山口由美子さん講演2004年6月12日の記録

 
山口由美子さん講演
 2000年の暮れだったと思うんですけど、一度広島に伺いました。今回は、事件後再び訪れました。駅まで入院しておりました病院の方が迎えに来てくださって、ほんとうに我が古里に帰ったような気持ちで、うれしくてたまりません。入院中ほんとうに良くして頂きました。佐賀に帰って、広島は原爆が落とされた地ということでしょうか、ケアーがとても心地よかったなぁと、改めて思いました。
 今私は、被害者支援に参加させてもらってますけども、この経験を通して、特別なことをするんじゃなくって、身近な自分たちの仕事の中で、どんな風に援助が出来るのかを考えていかなきゃいけないと思っています。

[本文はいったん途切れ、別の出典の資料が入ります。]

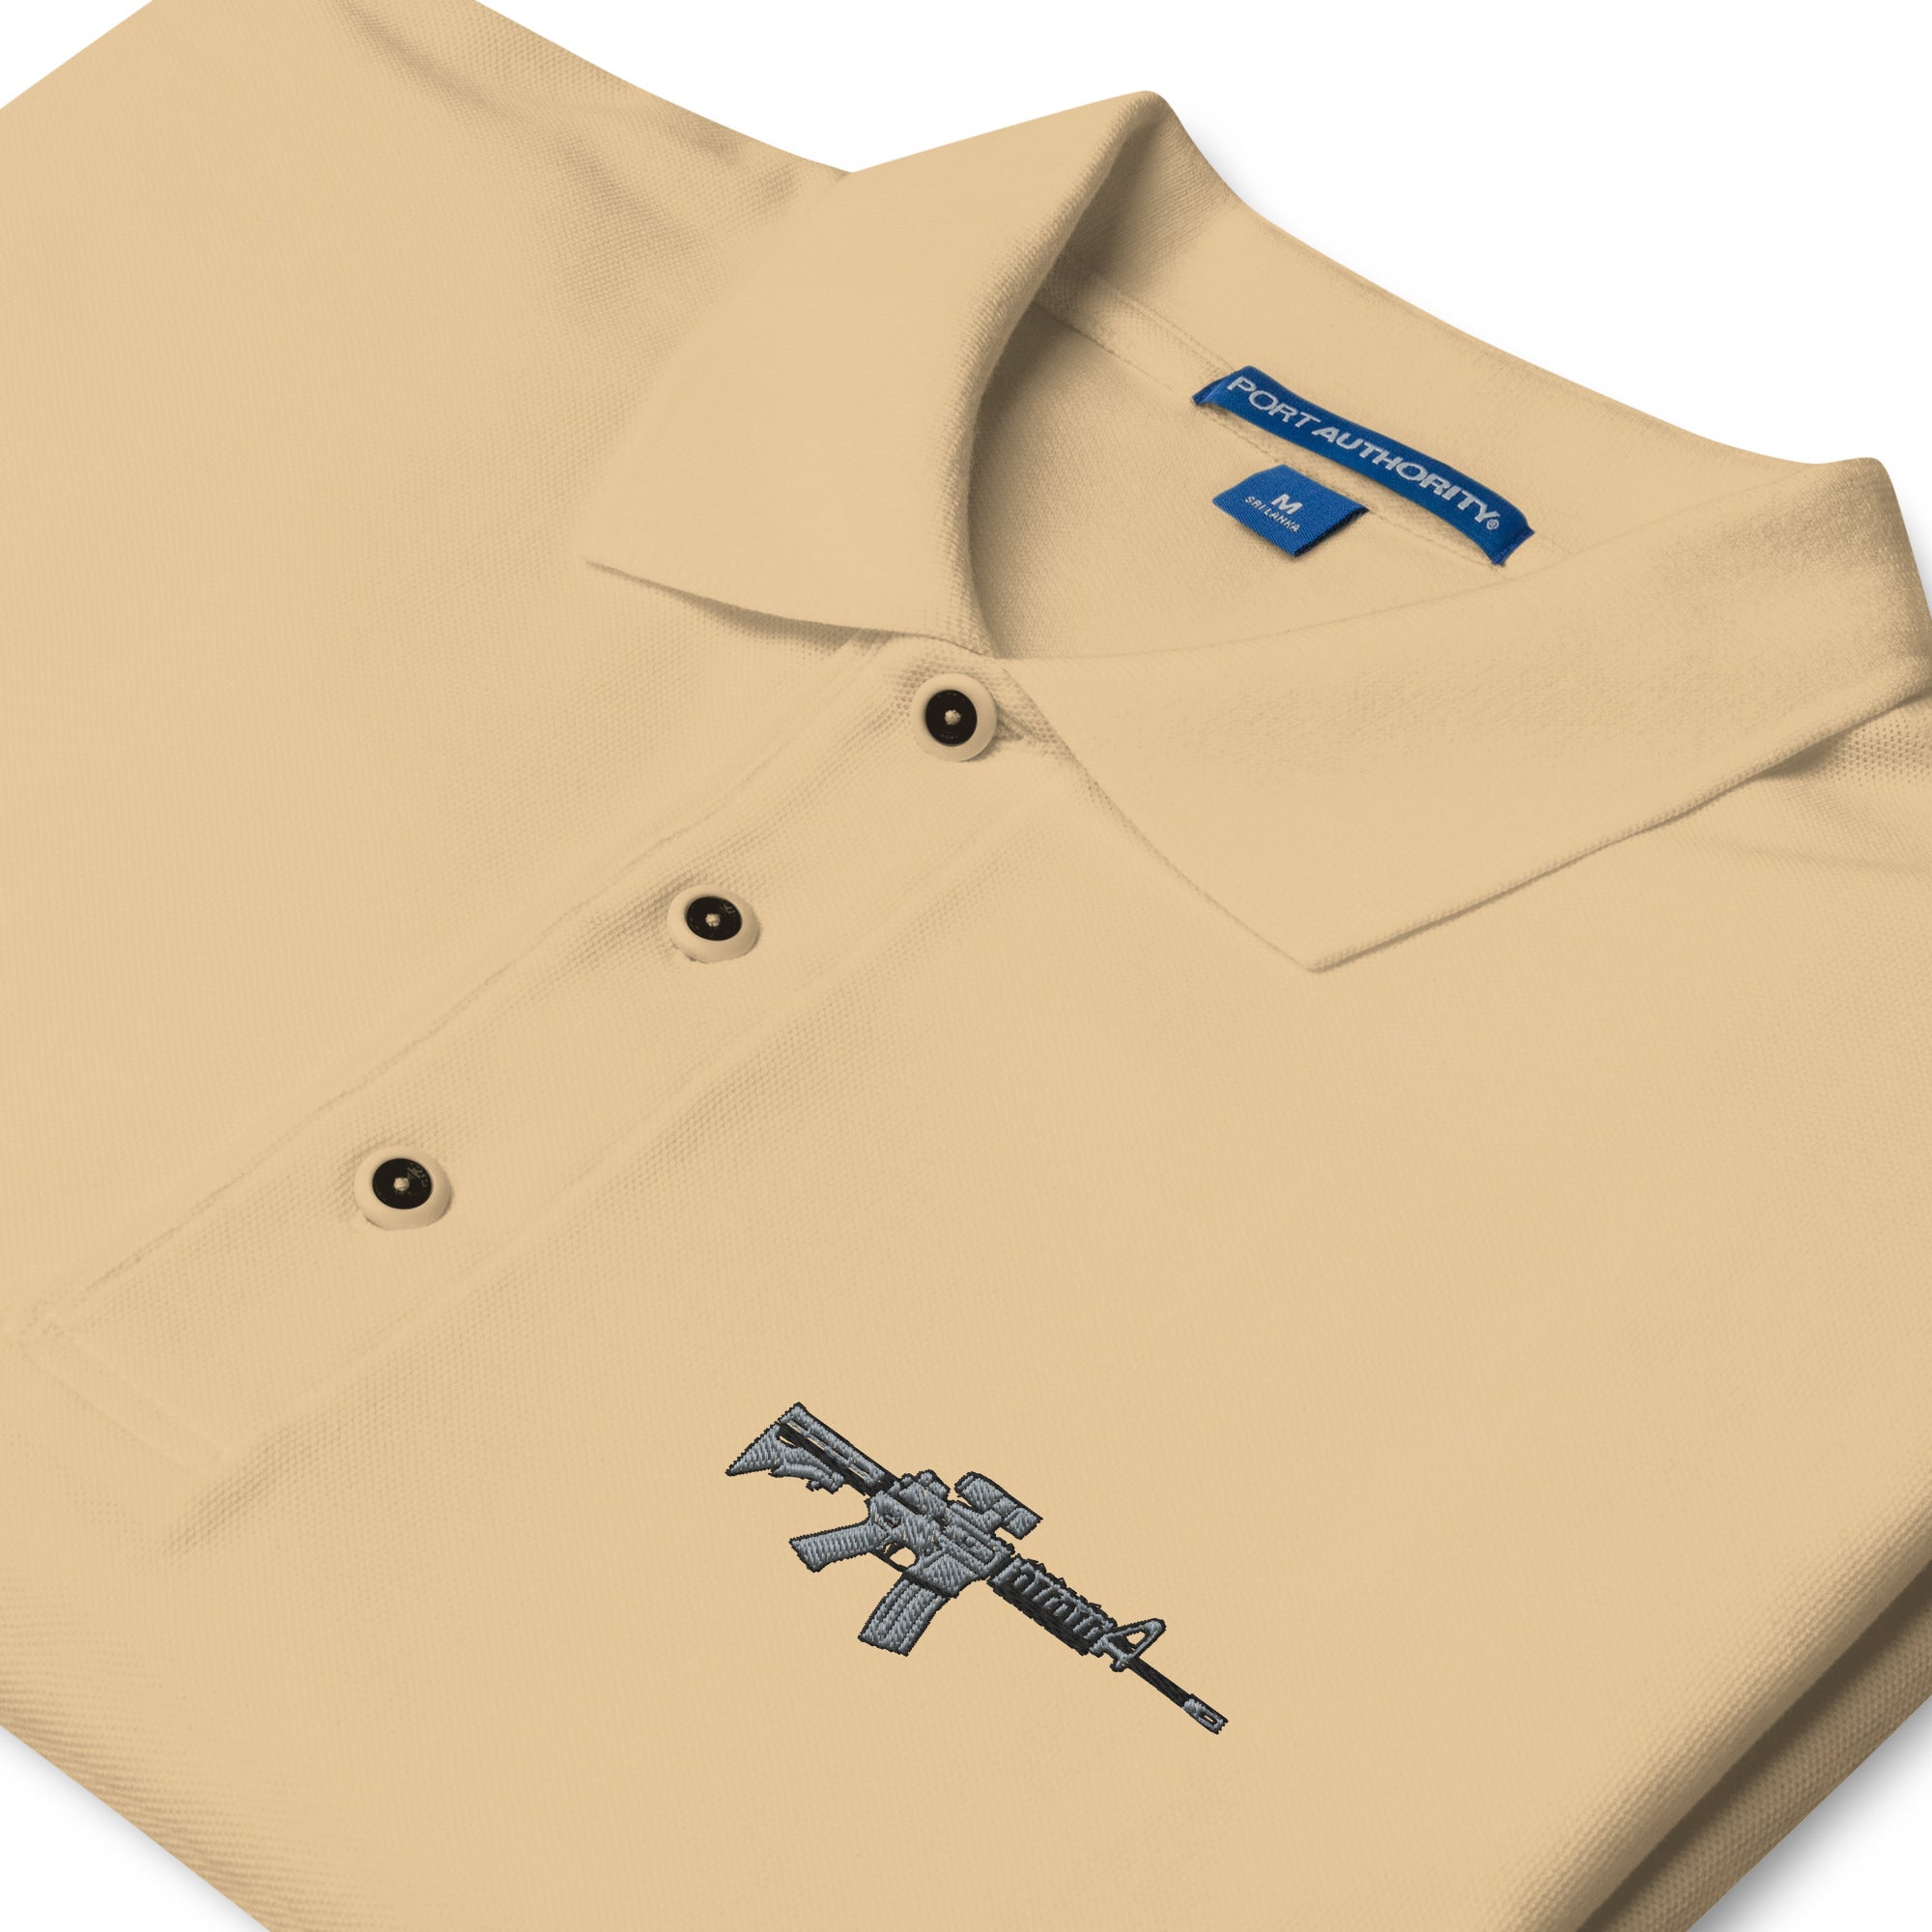 AR-15 Embroidered Men's Polo

 紹介して頂きましたように、私は一主婦です。この事件に遭うまでは、洋裁を教えておりました。洋裁学校に勤めてその後、自分の家で家庭の主婦をしながら洋裁教室を主宰してたんですね。そして、事件に遭った為に洋裁が出来なくなりました。事件後、カウンセリングを受けたときに、あの子にも居場所があったら良かったね、と言ってくださる精神科のお医者さんがいらっしゃいまして、今は不登校の子供たちの居場所をやっております。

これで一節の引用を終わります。